# Success or failure after moving to stack and tilt



## neil ingle (Jul 22, 2012)

Title says it all really.

Been researching the method and sounds logical method. 
Does anyone have any success or failure stories after trying to move from conventional methods to this?

Thanks

Neil


----------



## bobmac (Jul 22, 2012)

I think it's ok for the short and medium irons as it promotes a steep angle of attack into the ball. However, I know of people who struggle with the longer clubs, especially the driver as they find it difficult to flatten the angle of attack as the weight moves forward


----------



## JustOne (Jul 22, 2012)

What do you define as success?

I changed to 'my version' of S&T on Jan 1st 2010 and shot a personal best 4 under par 7 months and 23 days later after being injured throughout the year and not practicing at all... is that success?

You get out what you're prepared to put in... the pattern is definitely viable, makes a lot of sense, and will more than likely improve your ball striking.... but if you don't embrace it then you might aswell carry on swishing away the way you currently are. It would be no different than changing from a 1 plane swing to a 2 plane swing and then not really trying... then blaming the 2 plane swing for not working properly.

I did find that it was a swing that I could just go to without having to have 100,000 swing thoughts... if I didn't practice I didn't feel that I was back at square one. Even now that I don't play a lot (or practice) I still feel pretty confident when I tee it up... it's the short game that deserts you the fastest! 

There's plenty of support here on the forum if you decide to give it a go... what's your h/cap? history in the game?

regards
James.


----------



## big_russ (Jul 22, 2012)

I've been stacking for about 18 months now and the way it has improved my game is that I am now a much better ball striker and I have more confidence in the shot pattern and ball flight.

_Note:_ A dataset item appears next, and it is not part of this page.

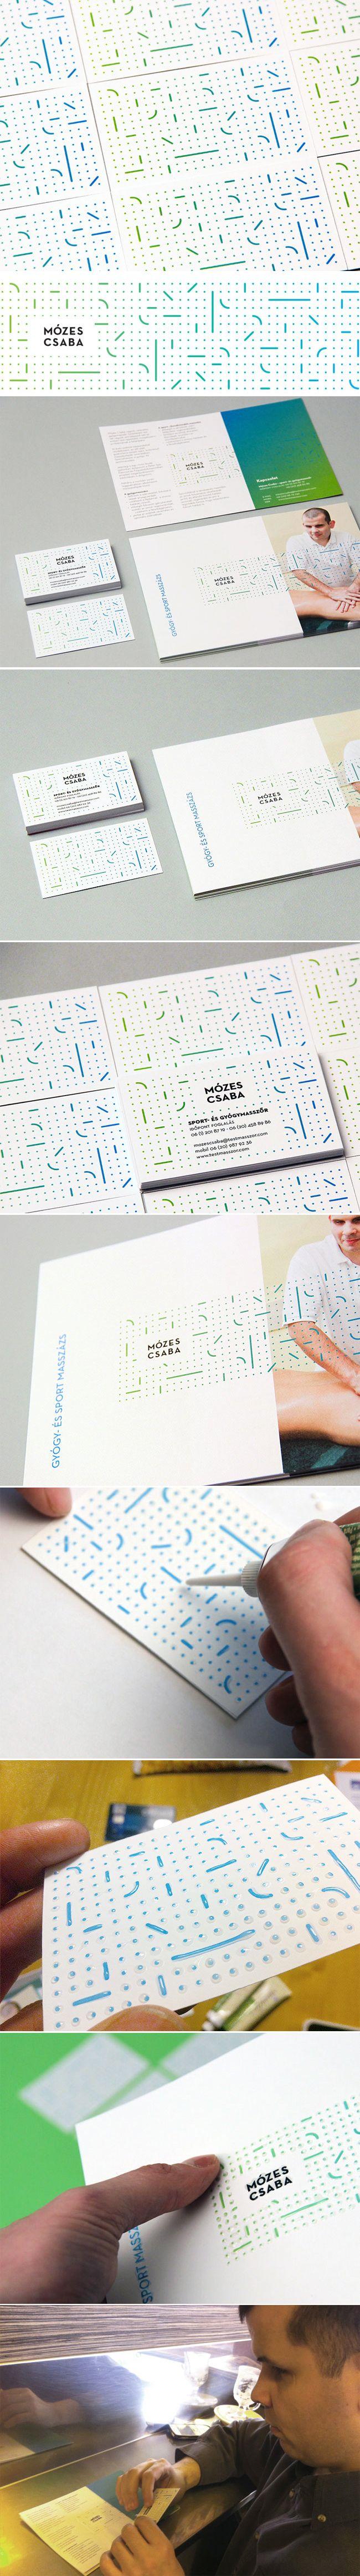 csaba-moze http://identitydesigned.com/csaba-mozes/
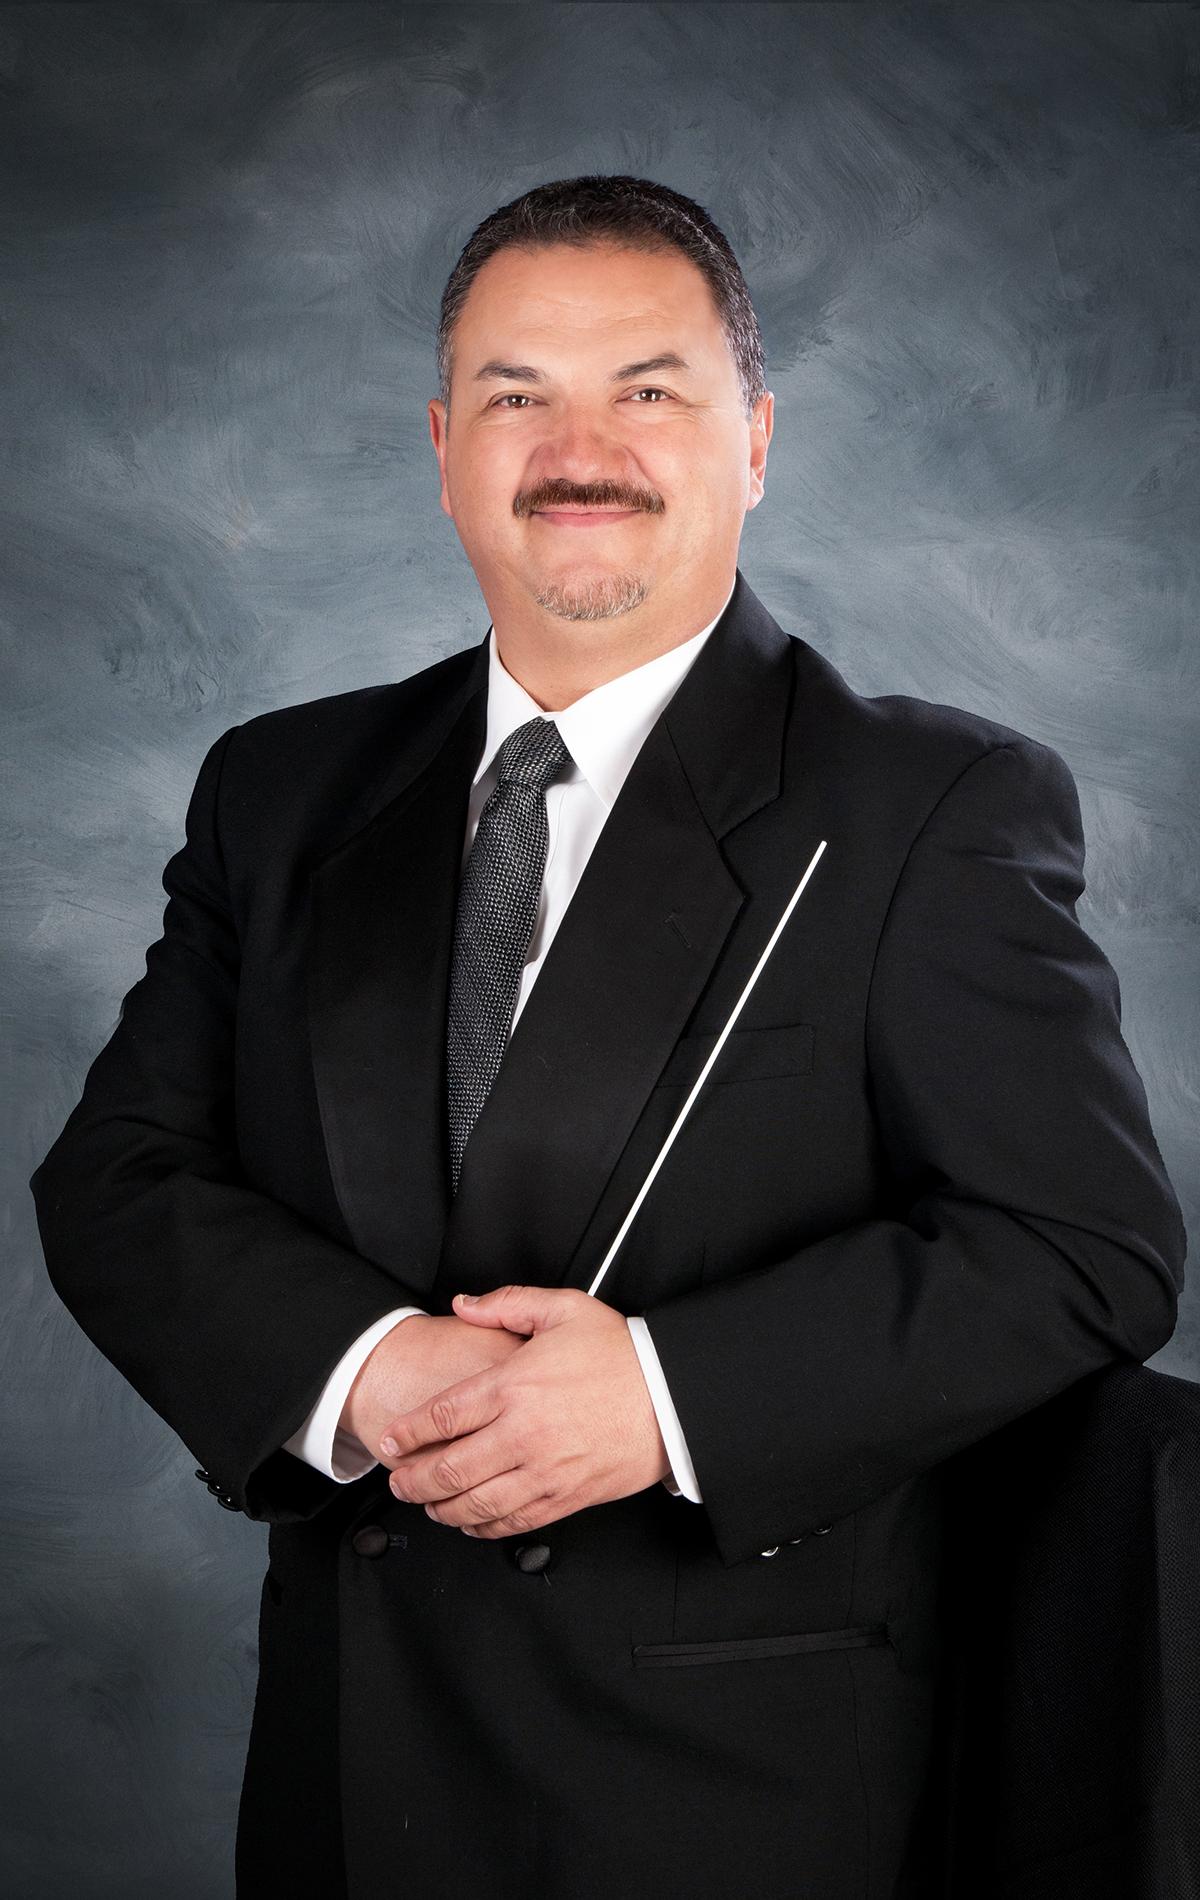 Musician Portrait Photographer

I have also found that I am now hitting my driver better and further than ever before.

Just a side note for Bob, if the swing pattern is followed correctly there is absolutely no truth in the myth that it promotes a steep angle of attack into the ball. If you can get a viewing of the new DVD's then all the trackman data is there to see.


----------



## JustOne (Jul 22, 2012)

big_russ said:



			Just a side note for Bob, if the swing pattern is followed correctly there is absolutely no truth in the myth that it promotes a steep angle of attack into the ball. If you can get a viewing of the new DVD's then all the trackman data is there to see.
		
Click to expand...

I agree about the angle of attack as the plane would be flatter for the longer irons/woods anyway, regardless of the elements within the pattern. As a connected rotation there is less lifting of the arms/club than you'll find with most other patterns.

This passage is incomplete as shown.